Autocorrelation Concepts

Chapter 2: Lesson 2

Learning Outcomes

Define key terms in time series analysis
  • Define the ensemble of a time series
  • Define the expected value (or mean function) of a time series model
  • Define the sample estimate of the population mean of a time series
  • Define the variance function of a time series model
  • State the constant variance estimator for a time series model
  • Explain the stationarity assumption
  • Explain the stationary variance assumption
  • Define lag
  • Define autocorrelation
  • Define the second-order stationary time series
  • Explain the autocovariance function in Equation (2.11)
  • Explain the lag k autocorrelation function in Equation (2.12)
  • Define the autocovariance function, acvf
  • Define the sample autocorrelation function, acf
Calculate sample estimates of autocovariance and autocorrelation functions from time series data
  • Define the sample autocovariance function, c_k
  • Define the sample autocorrelation function, r_k

Preparation

  • Read Sections 2.2.5 and 2.3-2.5

Learning Journal Exchange (10 min)

  • Review another student’s journal
  • What would you add to your learning journal after reading your partner’s?
  • What would you recommend your partner add to their learning journal?
  • Sign the Learning Journal review sheet for your peer

Hands-on Exercise – Exploring Sample Autocorrelation (40 min)

Comparison of Independent and Autocorrelated Error Terms

In the previous lesson, we computed the sample covariance and sample correlation coefficient between two independent variables. When working with time series, the observations are not independent. There is often a relationship between sequential observations. We will compute the autocovariance function and autocorrelation function for a time series. Note: the prefix “auto” comes from a Greek root meaning “self.”

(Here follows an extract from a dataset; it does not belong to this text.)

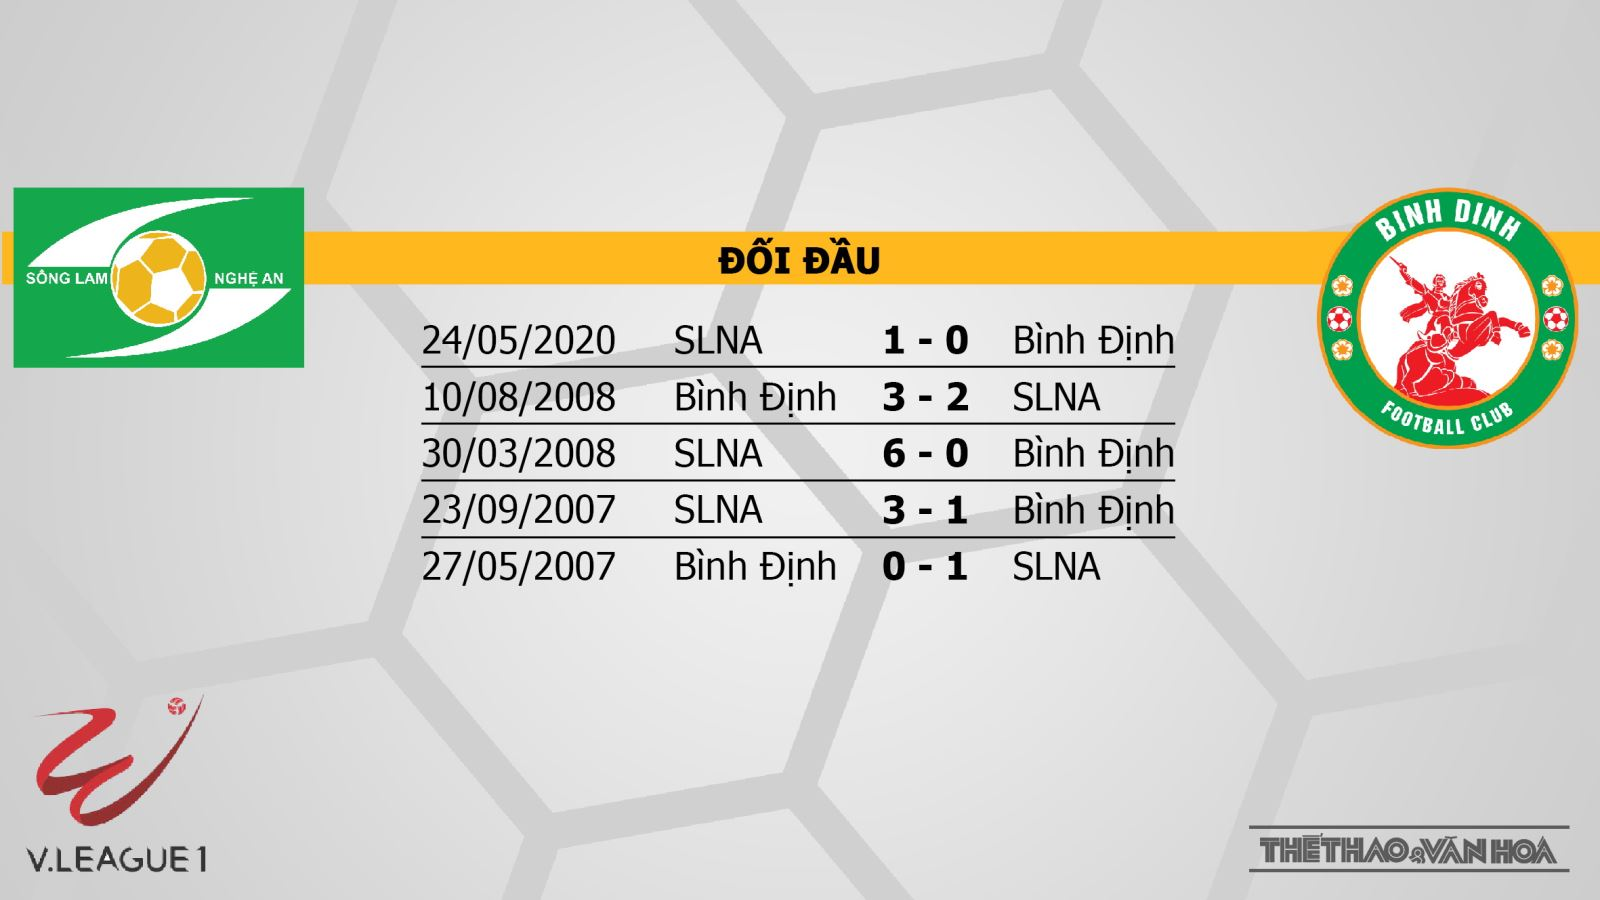 Keo nha cai, kèo nhà cái, SLNA vs Bình Định, VTC3, TTTV Trực tiếp bóng đá Việt Nam hôm nay, trực tiếp V-League 2021, lịch thi đấu V-League, bang xep hang V-League 2021
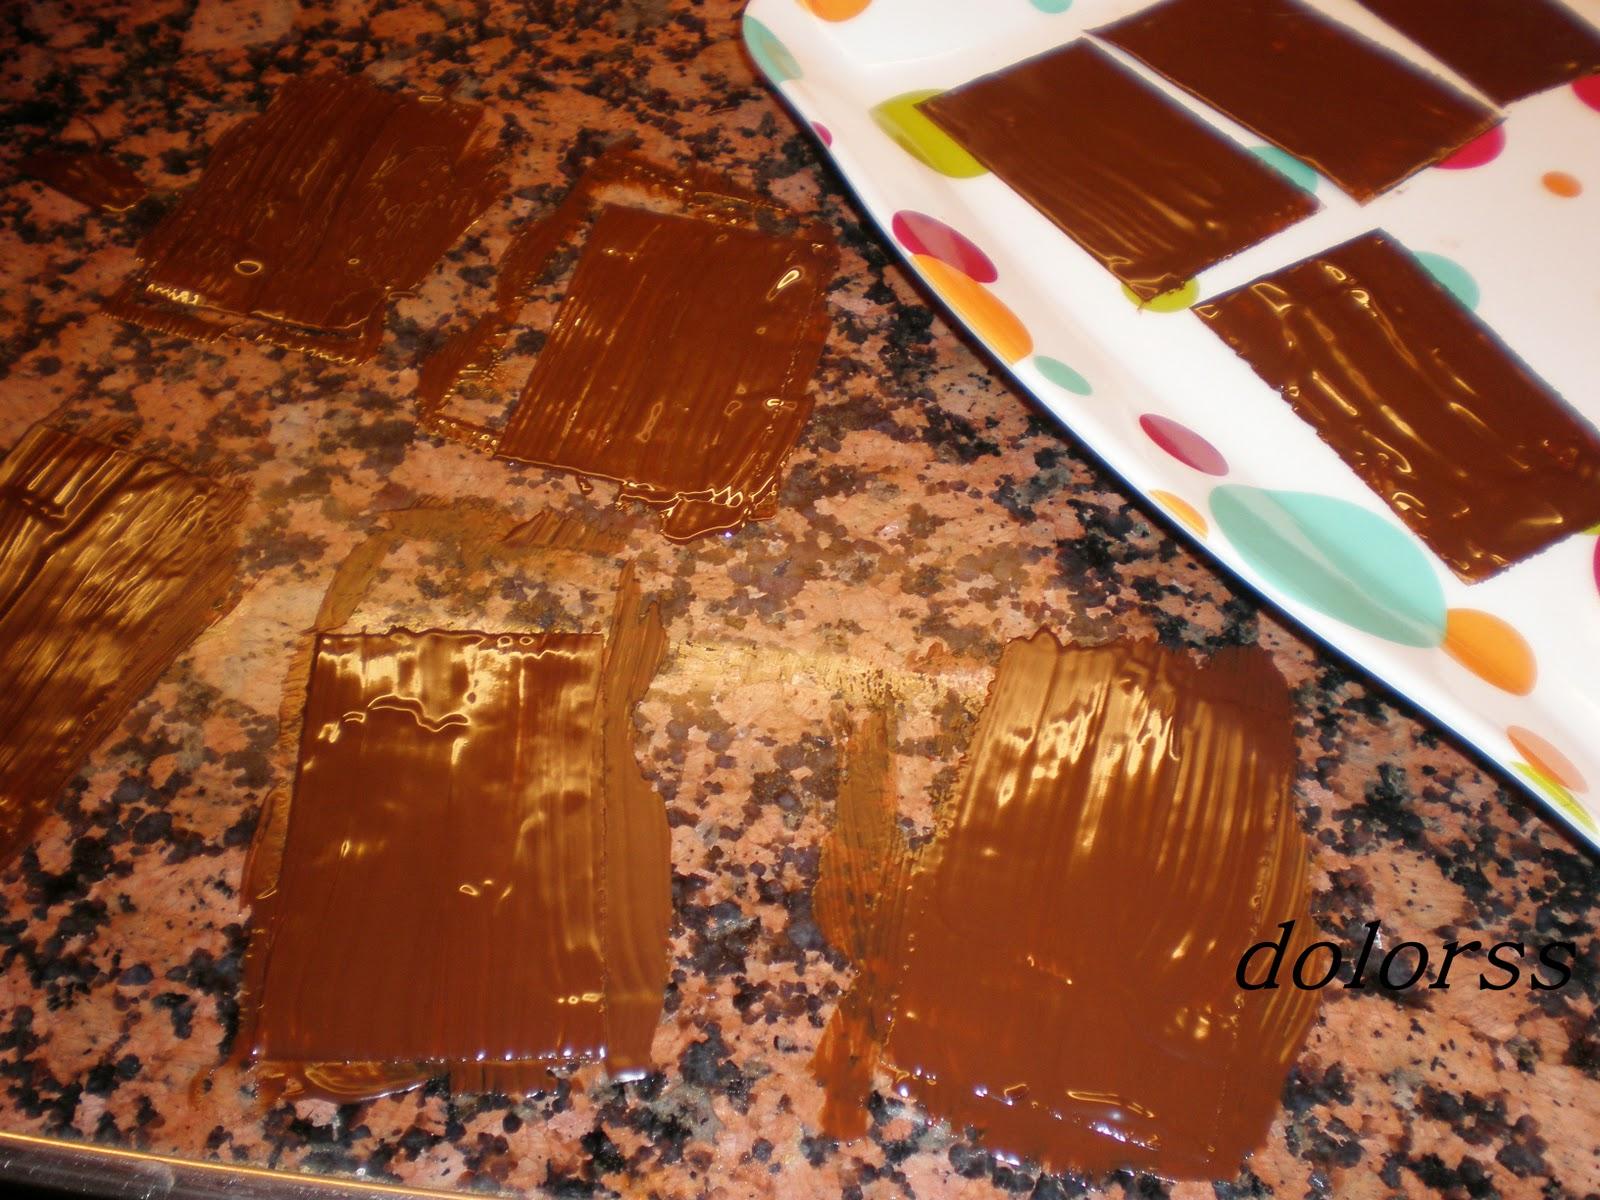 Blog de cuina de la dolorss: febrero 2012

The figure below illustrates the difference between a series of data, where the residuals are independent compared to a series with autocorrelated data.

Check Your Understanding
  • The variances of the residuals for these two series are approximately equal. What characteristics distinguish the two series in the figure above?

Autocovariance and Autocorrelation

We will use the following data to explore the concepts of autovariance and autocorrelation.

t $$ x_t $$
1 4.4
2 4.2
3 4.2
4 4.0
5 4.4
6 4.7
7 4.9
8 5.3
9 5.4
10 5.5

You can use this R command to read in the observations.

x <- c( 4.4, 4.2, 4.2, 4, 4.4, 4.7, 4.9, 5.3, 5.4, 5.5 )

We will use the sample mean of these data repeatedly. The value of \(\bar x\) is:

\[ \bar x = \frac{1}{n} \sum\limits_{t=1}^{n} x_t = \frac{1}{10} \cdot 47 = 4.7 \]

We will be finding the autocovariance and correlation of a time series with itself. First, we start with a lag of 1. With a lag of 1 the corresponding values of the time series that are being compared are shifted by one time unit. Then, we will consider any integer lag: lag \(k\).

Lag \(k\) Sample Autocovariance Function (acvf), \(c_k\)

The lag \(k\) sample autocovariance function, acvf, denoted \(c_k\), is defined as

\[ c_k = \frac{1}{n} \sum\limits_{t=1}^{n-k}(x_t-\bar x)(x_{t+k}-\bar x) \]

We denote the lag by the letter \(k\), where \(k \ge 0\). This is the number of values the data set is shifted to compute the autocovariance.

Check Your Understanding
  • Explain the equation for \(c_k\) to your partner.
  • What is the equation for \(c_0\), the value of the autocovariance function with lag \(k=0\)?
    • This expression is very similar to a definition we have encountered previously. What is it?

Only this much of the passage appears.